(Collected data)
== == ==
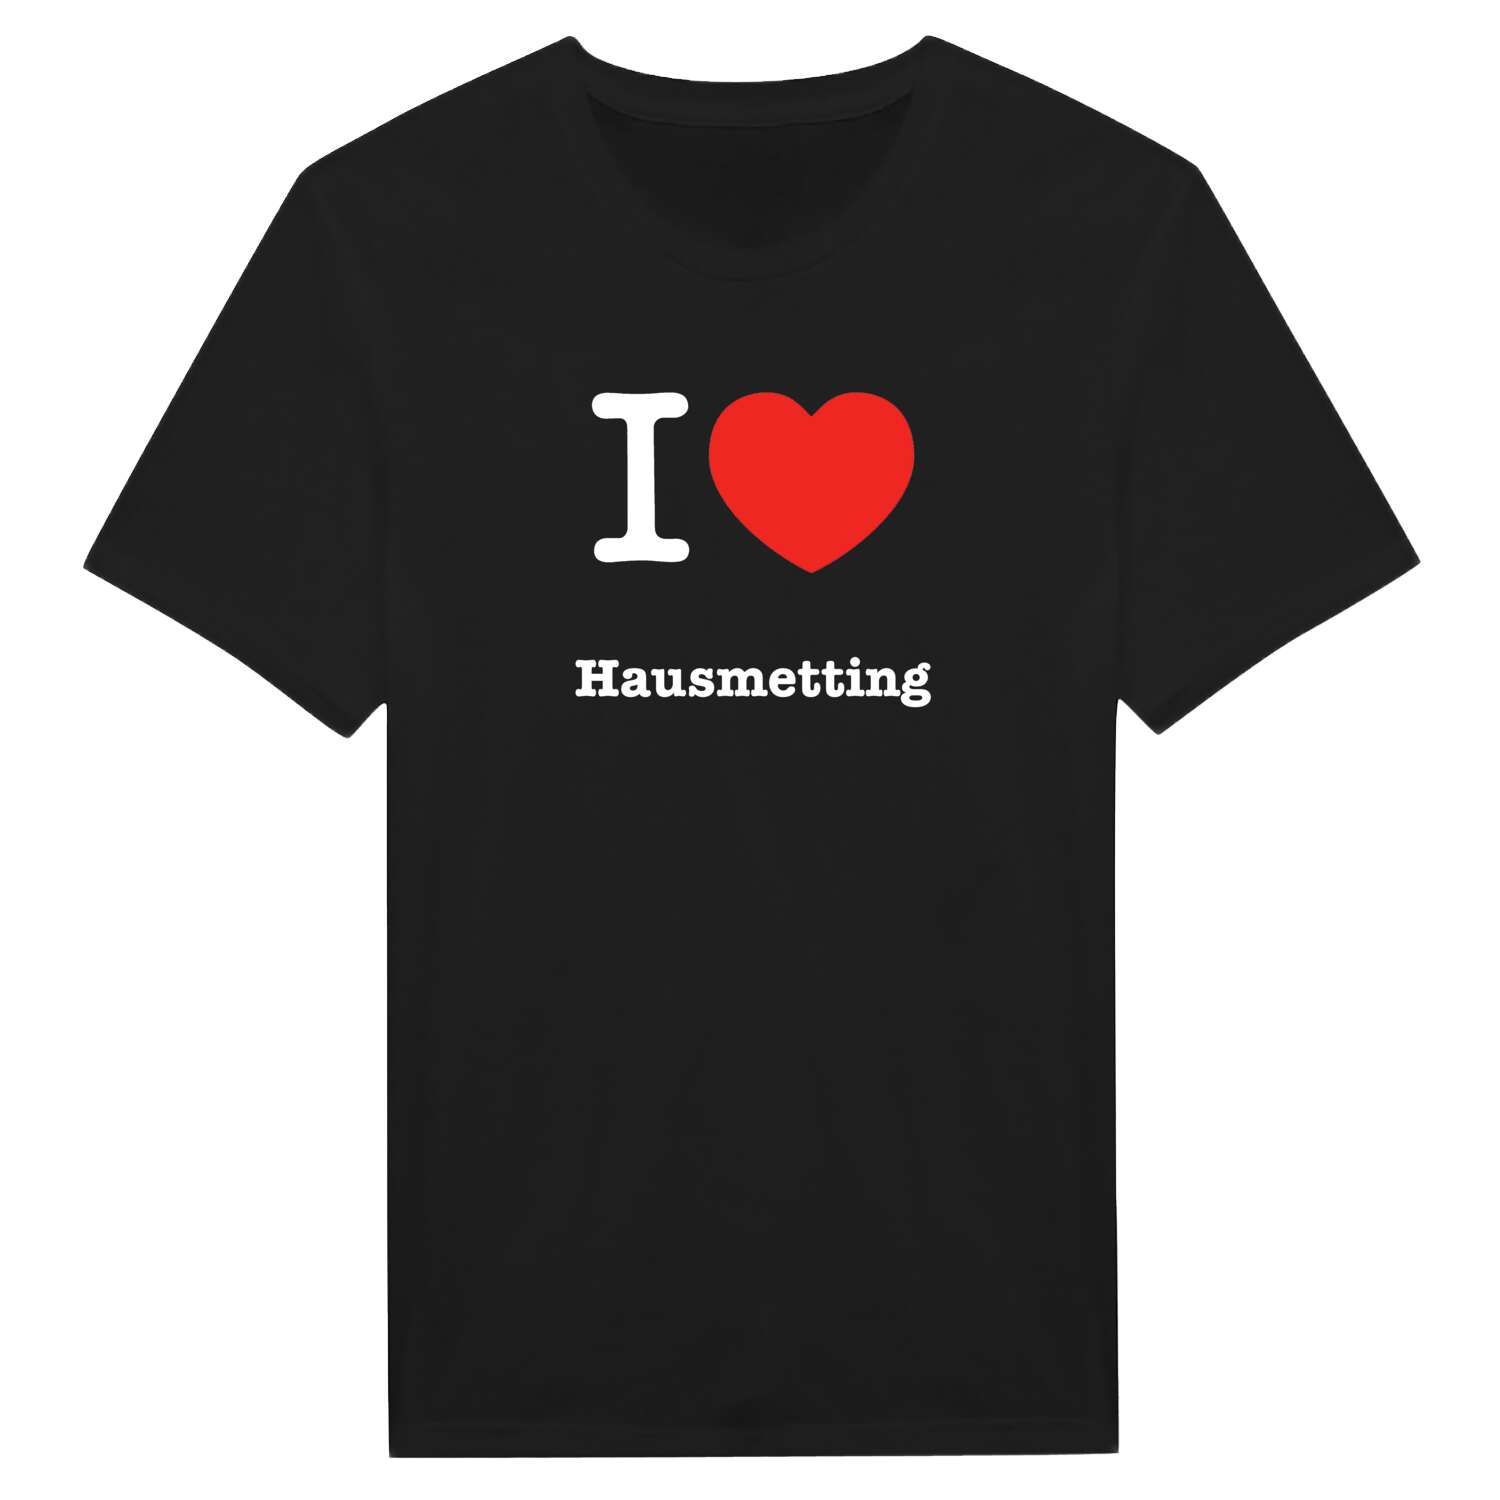 Hausmetting T-Shirt »I love«
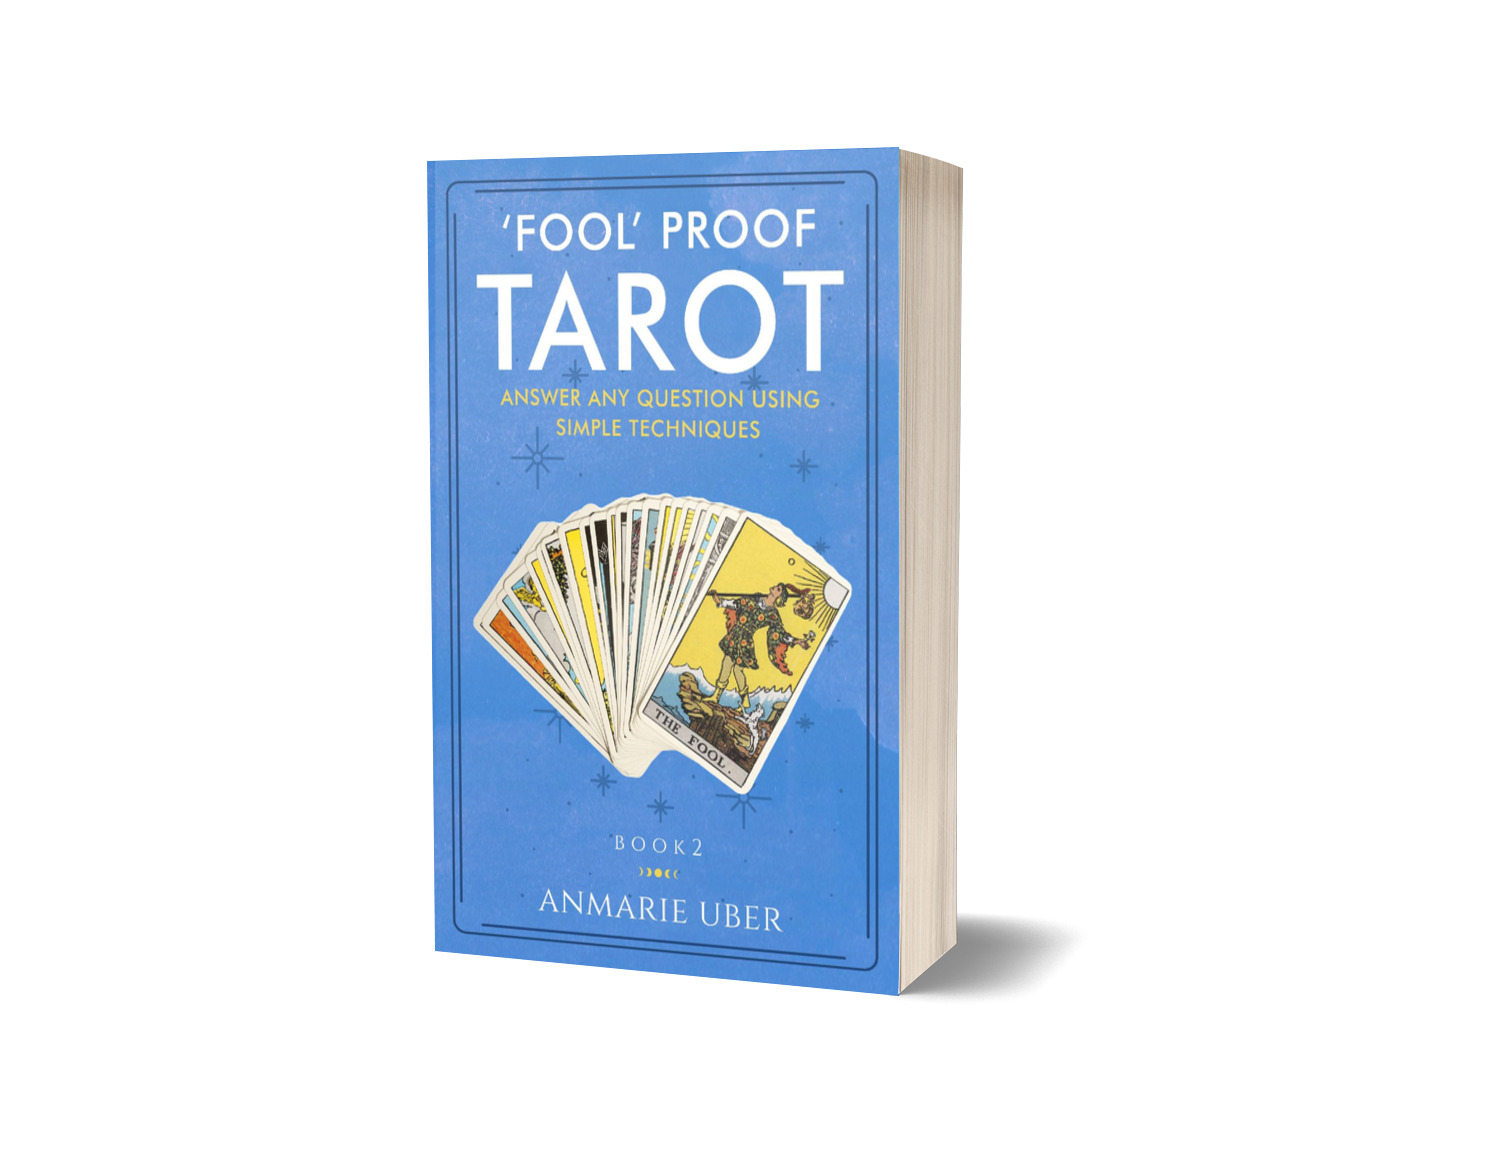 Signed Print "Fool' Proof Tarot"
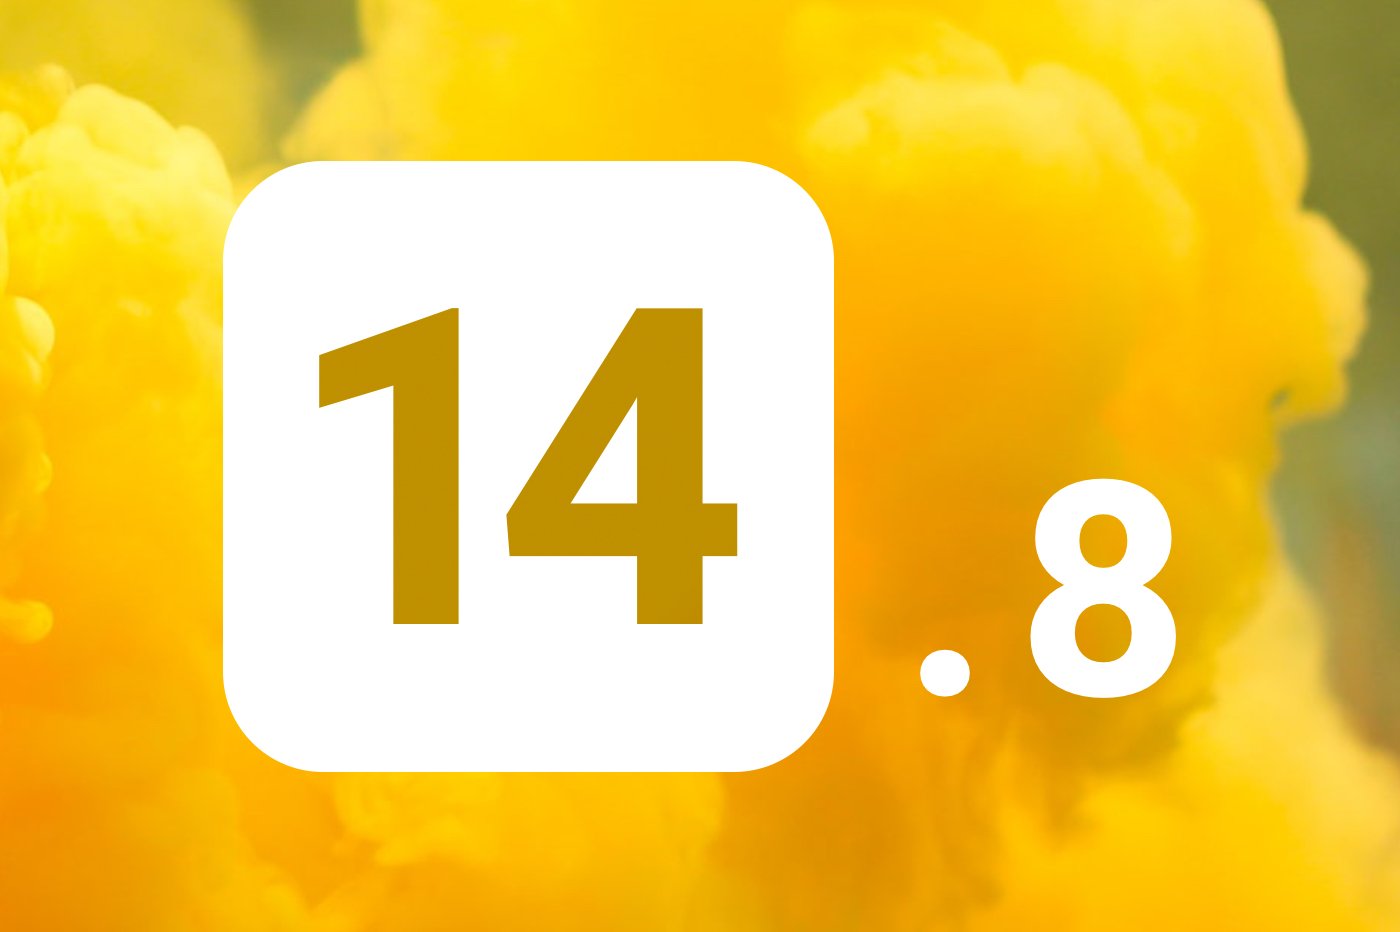 iOS 14.8 fond jaune
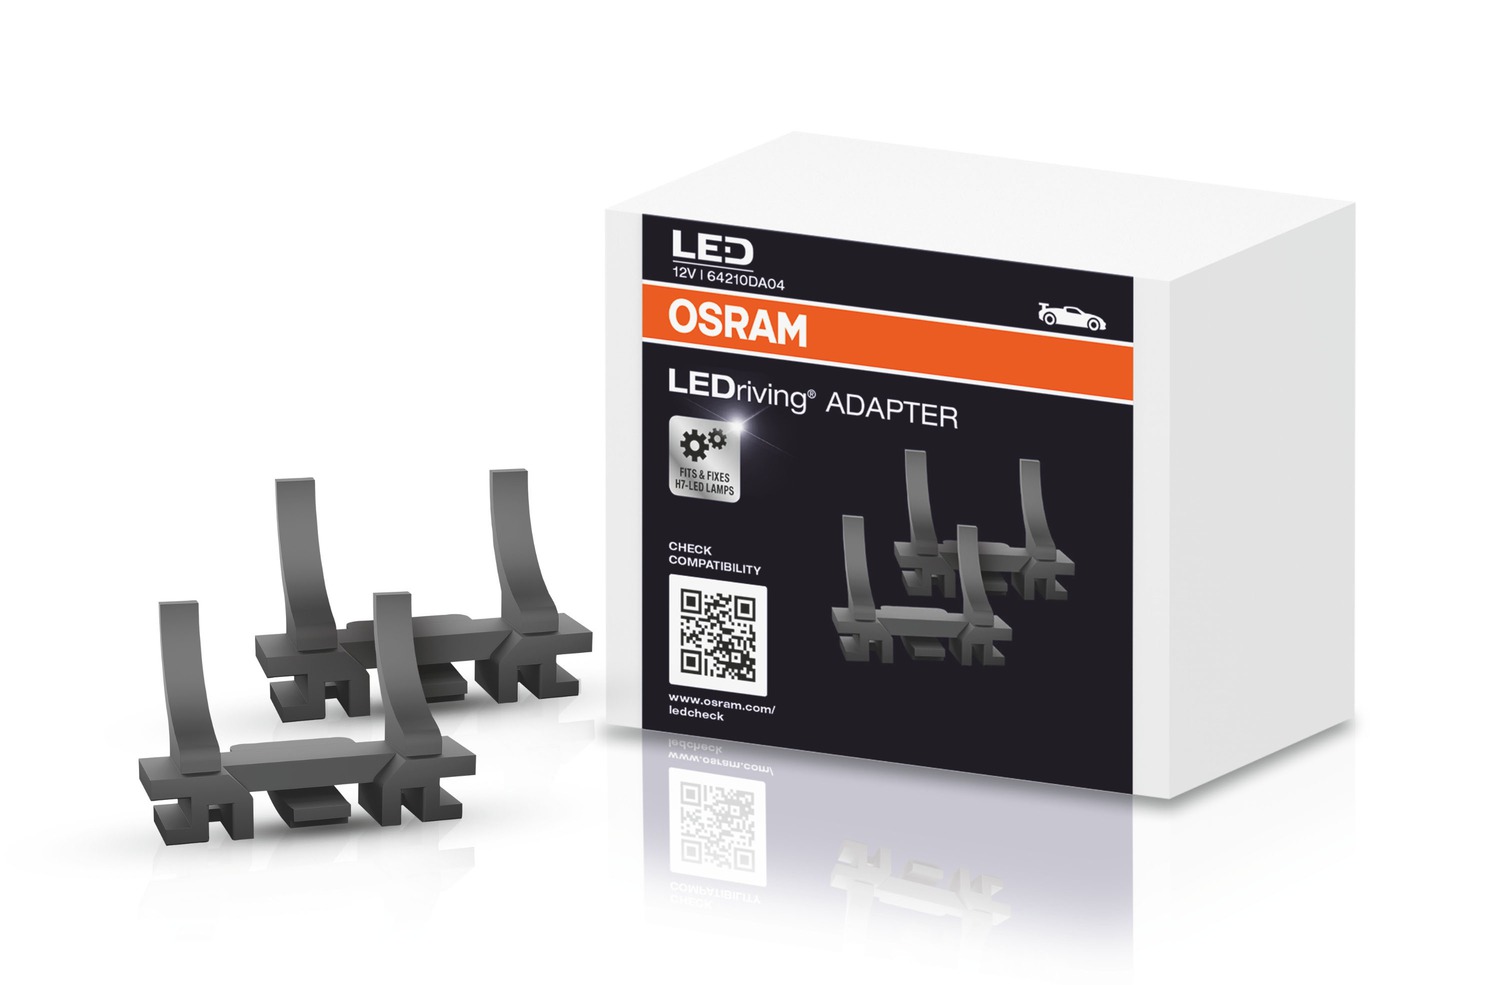 Obrázek produktu Osram LEDriving Adapter H7 64210DA04
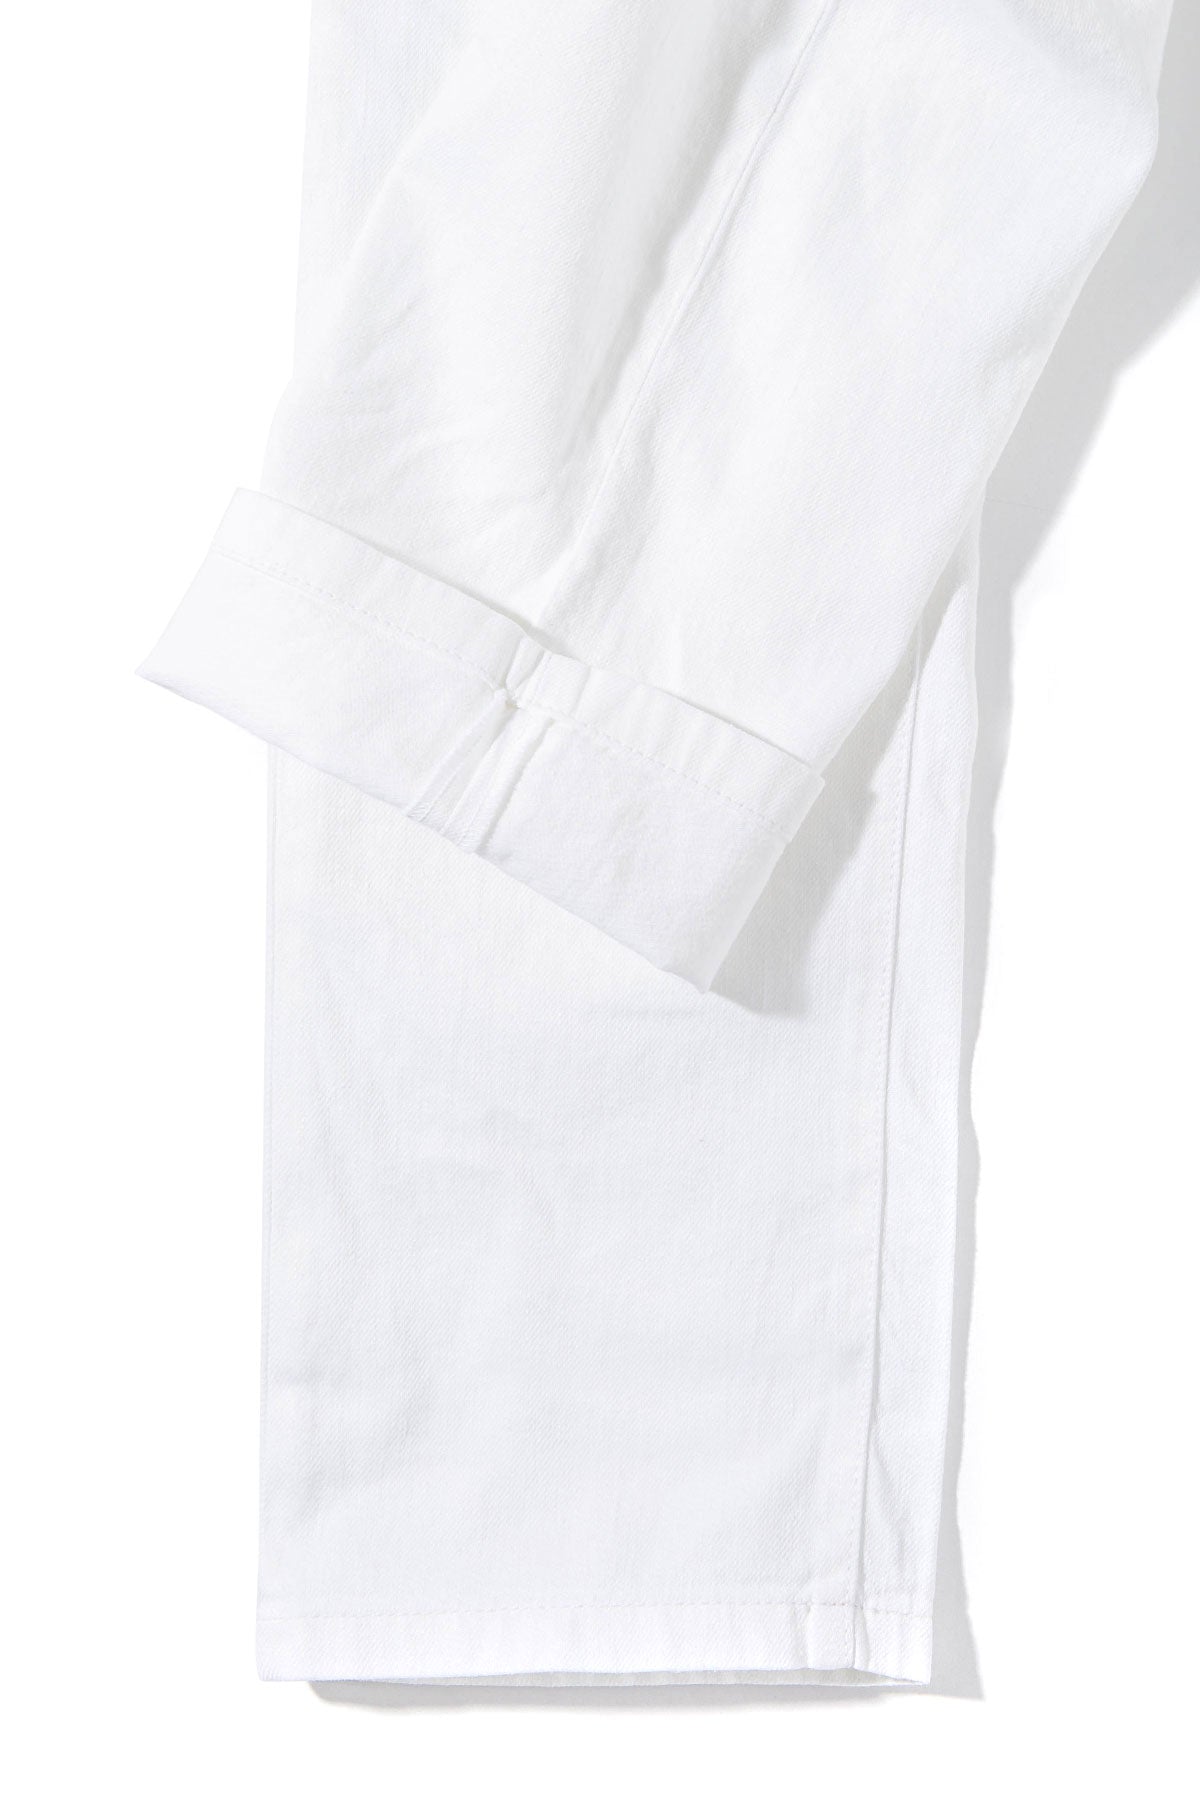 Nevis 5 Pocket Cotton/Linen Stretch | Mens - Pants - 5 Pocket | Teleria Zed
== == ==
### PROMPT
In your copy of the entries above, leave out the pictures and keep every word exact.

### ANSWER TO THIS PROBLEM
 Hausmetting T-Shirt »I love«
 Signed Print "Fool' Proof Tarot"
 iOS 14.8 fond jaune
 Obrázek produktu Osram LEDriving Adapter H7 64210DA04
 Nevis 5 Pocket Cotton/Linen Stretch | Mens - Pants - 5 Pocket | Teleria Zed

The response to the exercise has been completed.